Activity >>
Copy out each line below verbatim, skipping any picture.

Given information >>
◇ ◇ ◇

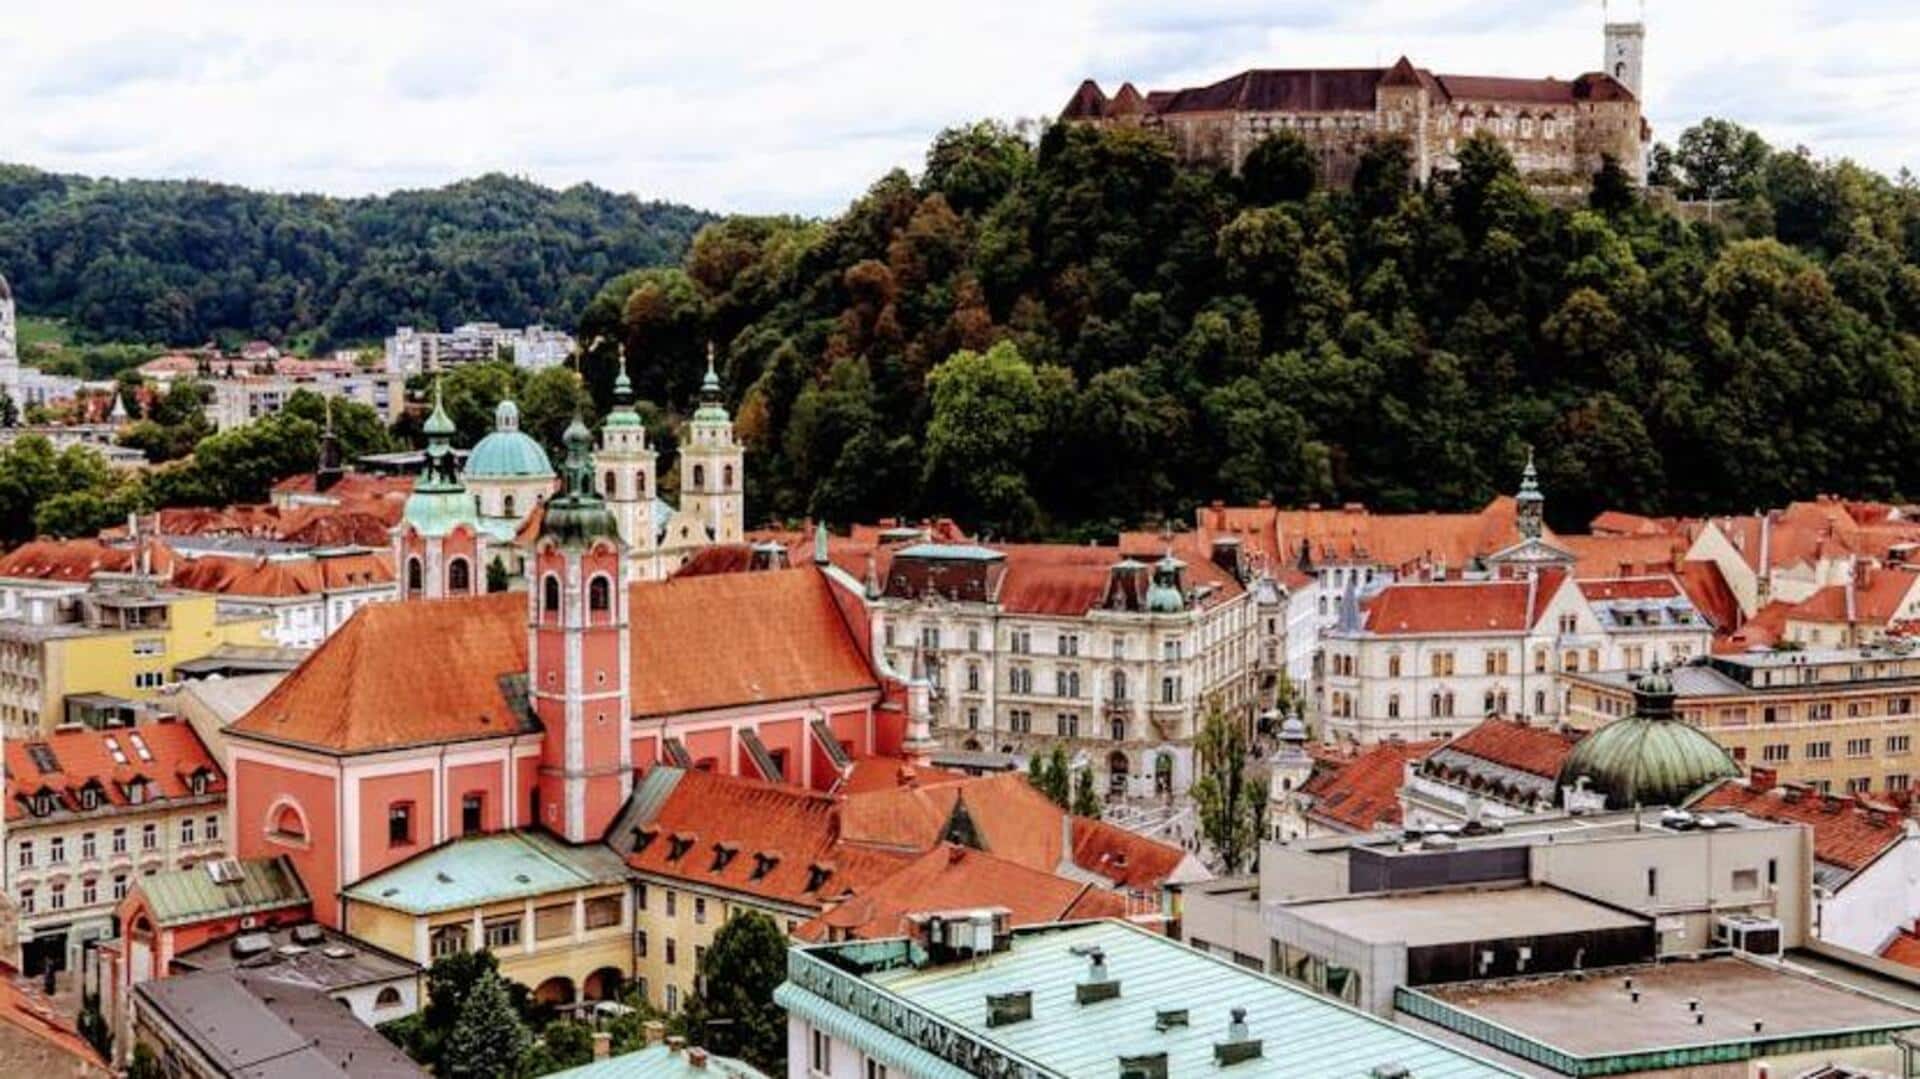 Exploring Ljubljana's medieval charms
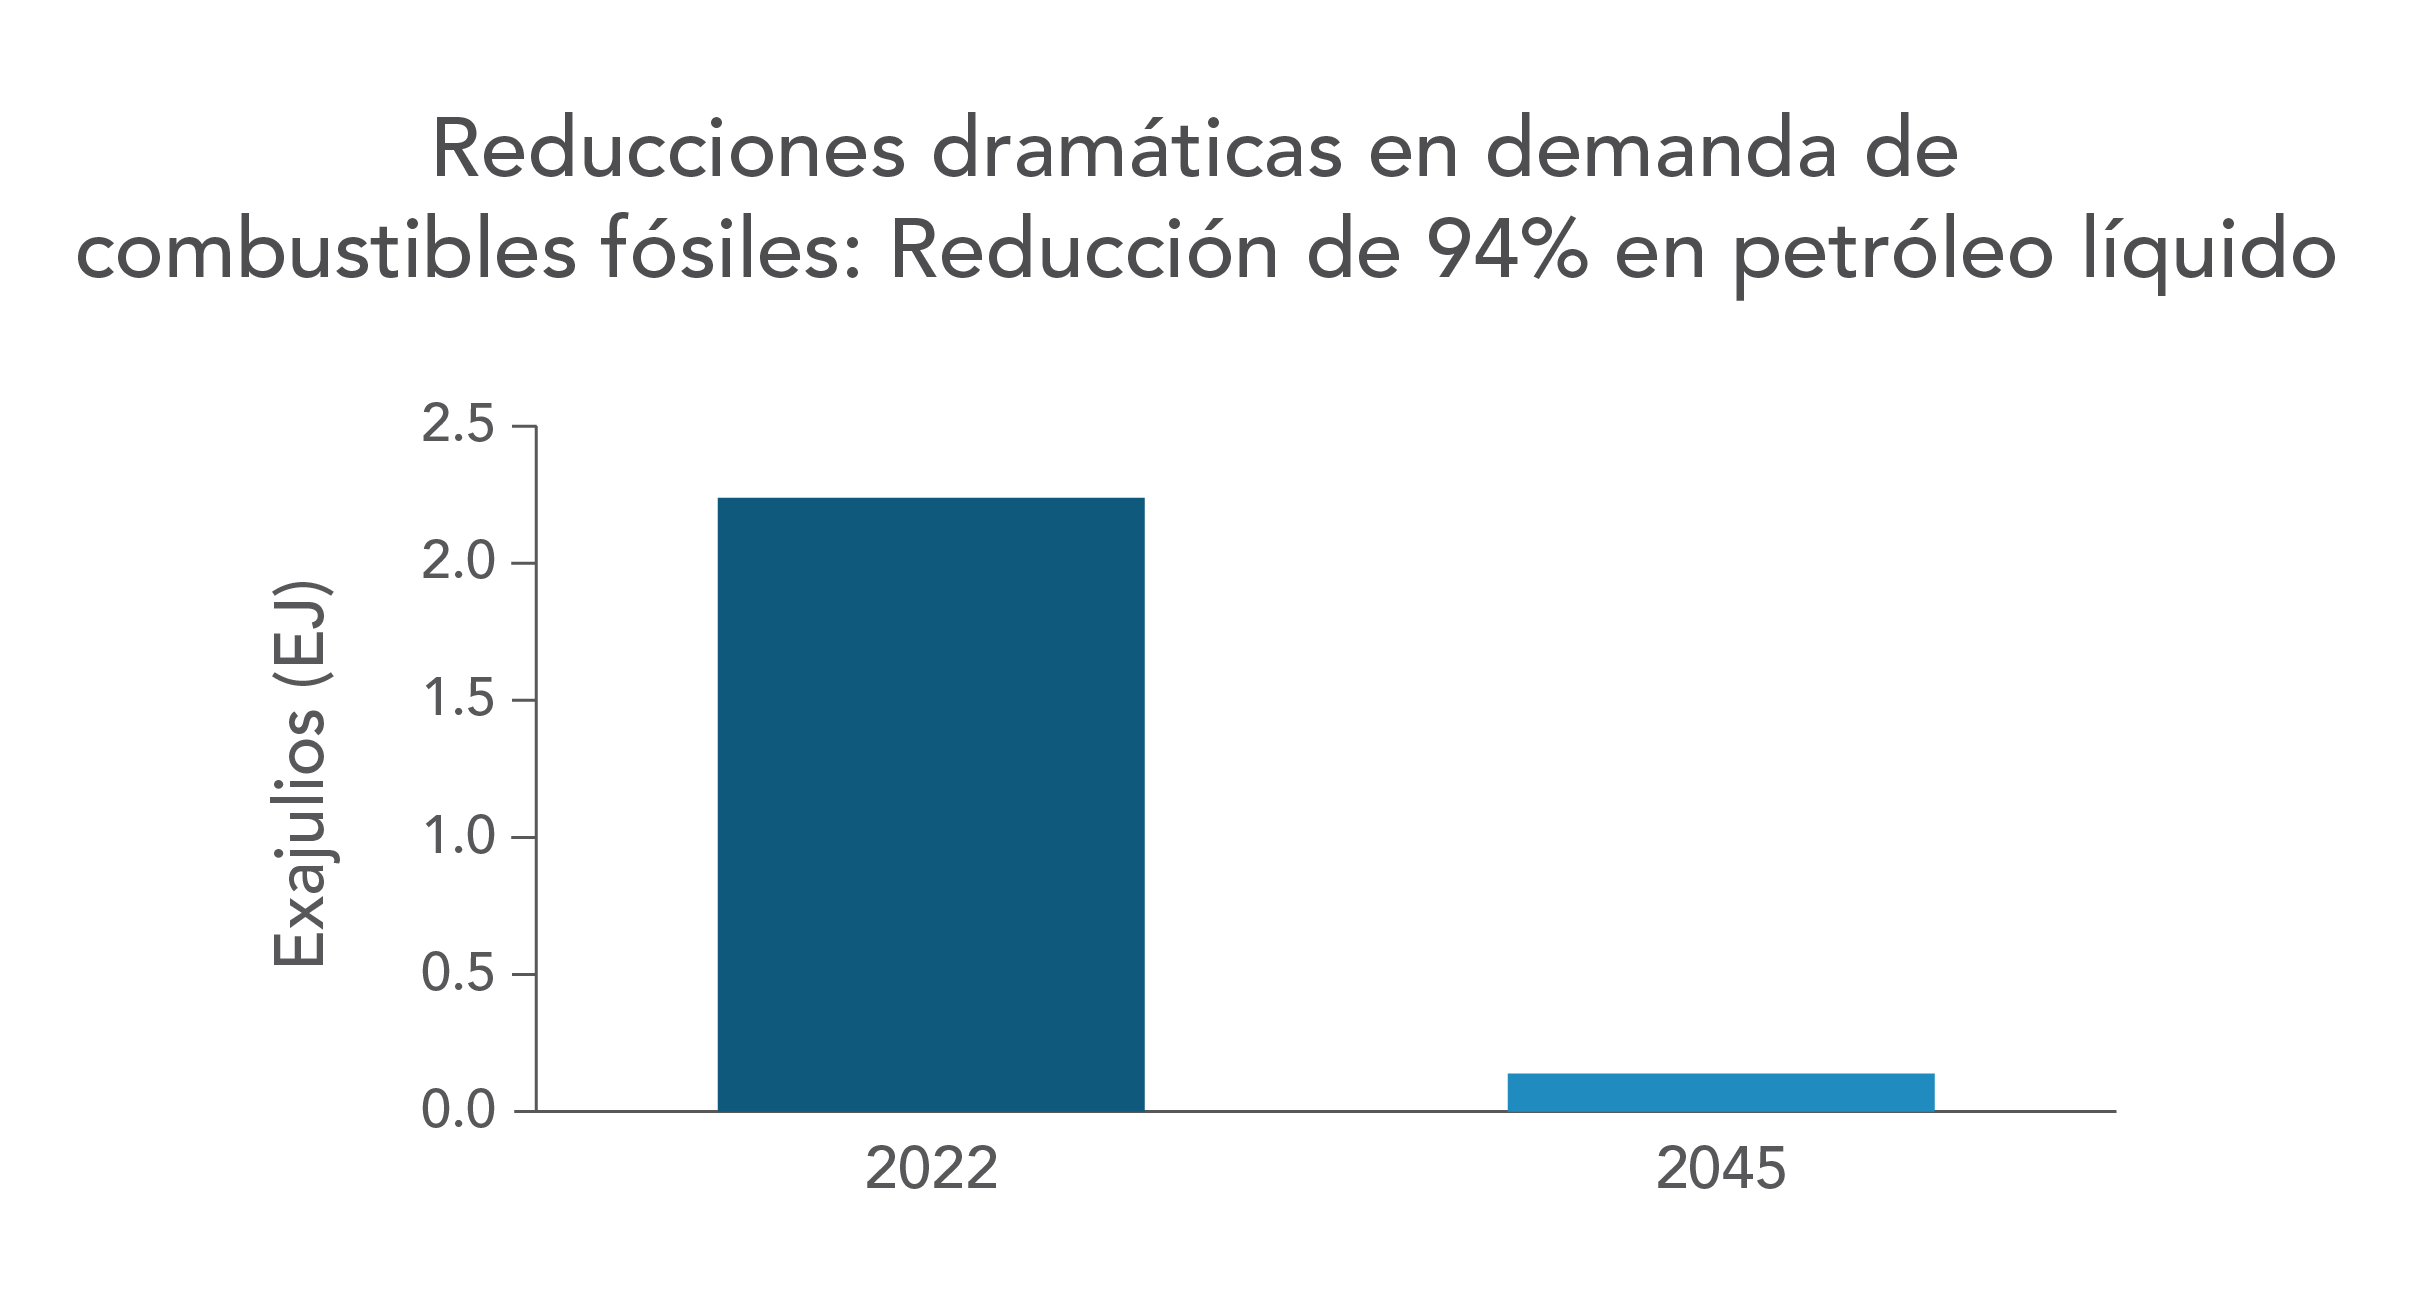 Reducciones dramáticas en demanda de combustibles fósiles Reducción de 94% en petróleo líquido
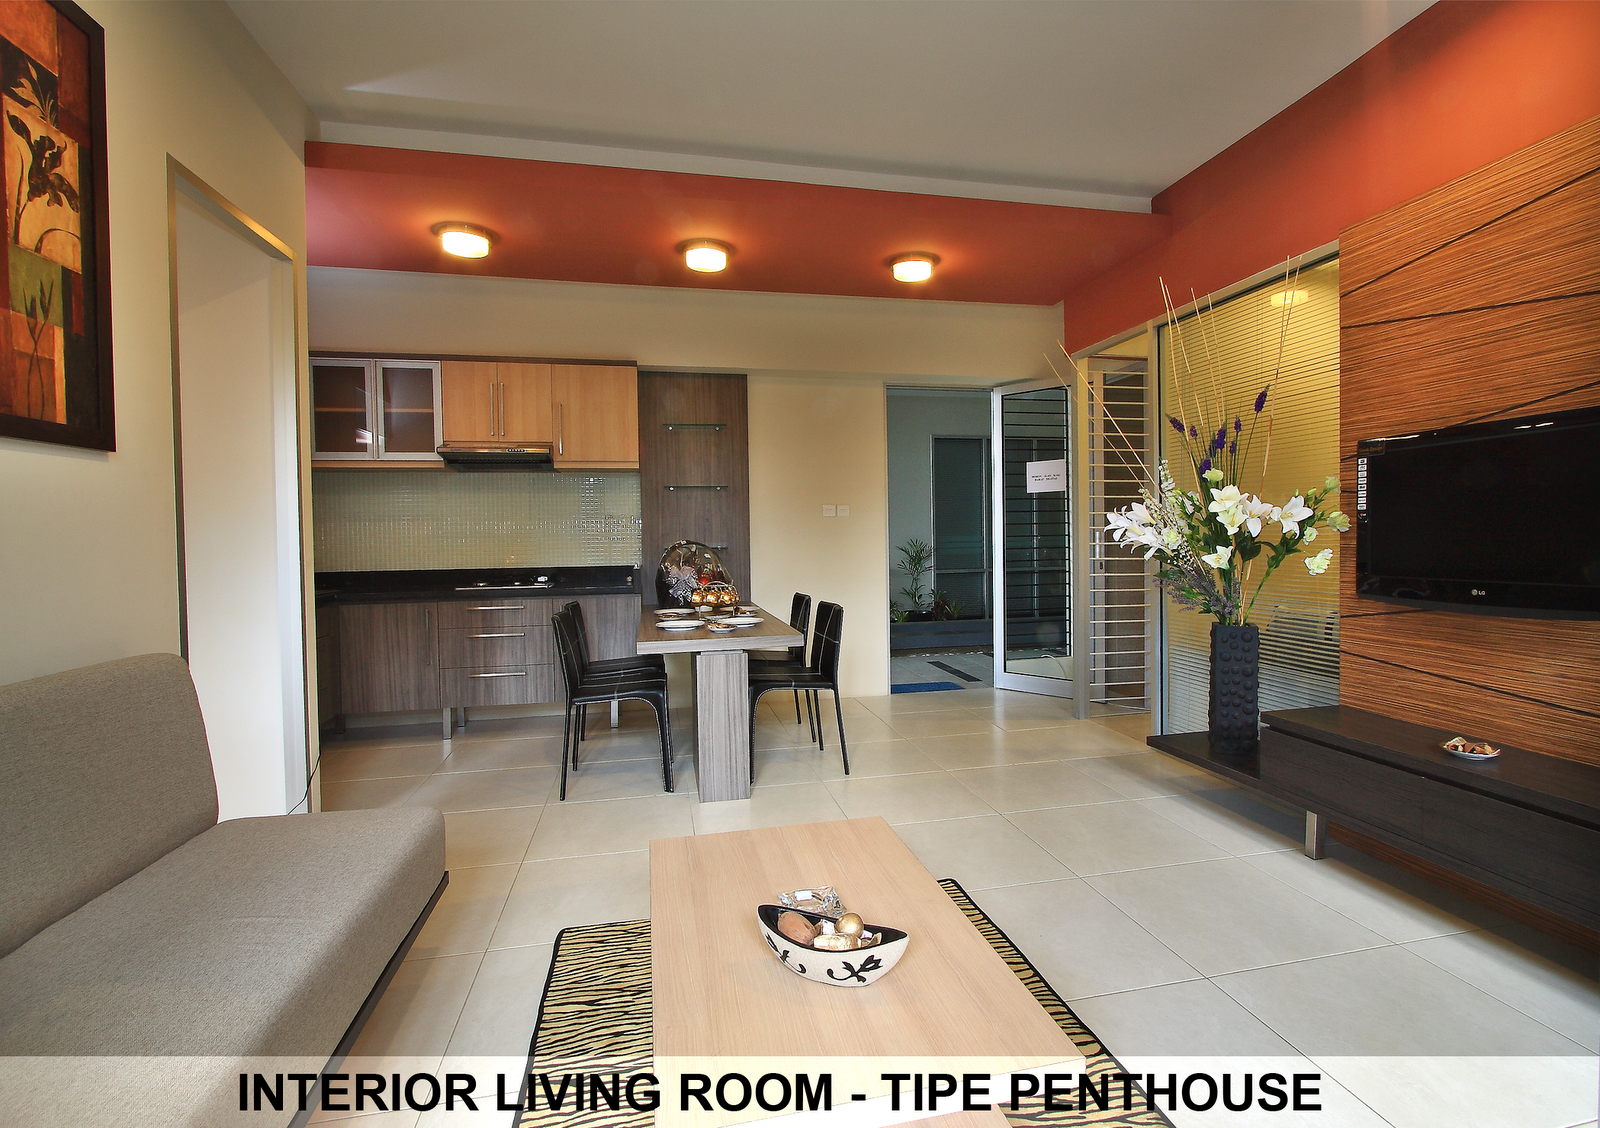 Design Interior Apartemen Tipe Studio
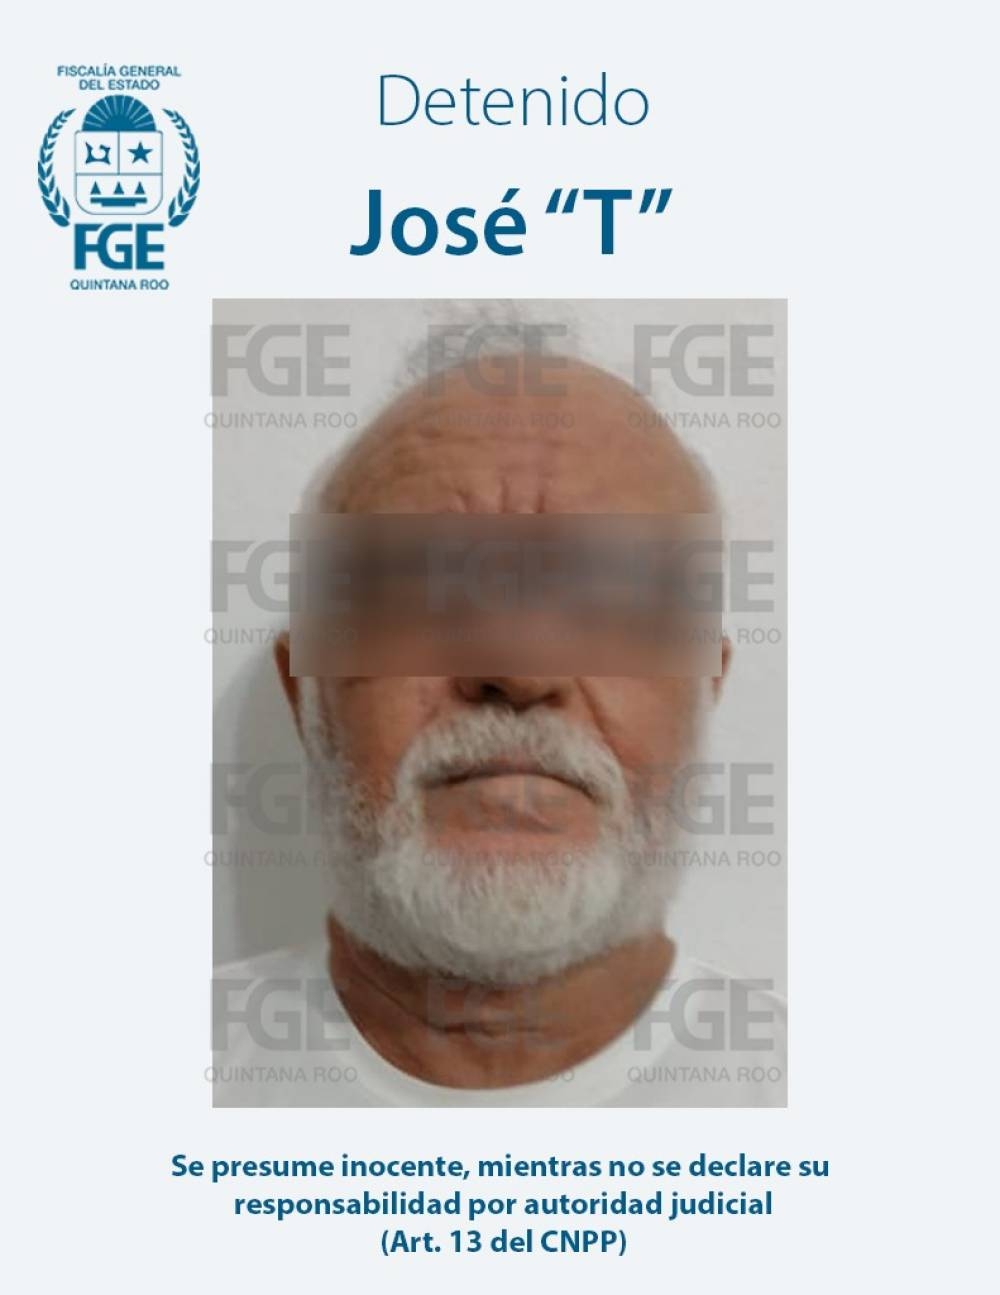 El sujeto es identificado como José "T"

◇ ◇ ◇

Result below >>
 Exploring Ljubljana's medieval charms
 Reducciones dramáticas en demanda de combustibles fósiles Reducción de 94% en petróleo líquido
 Design Interior Apartemen Tipe Studio
 El sujeto es identificado como José "T"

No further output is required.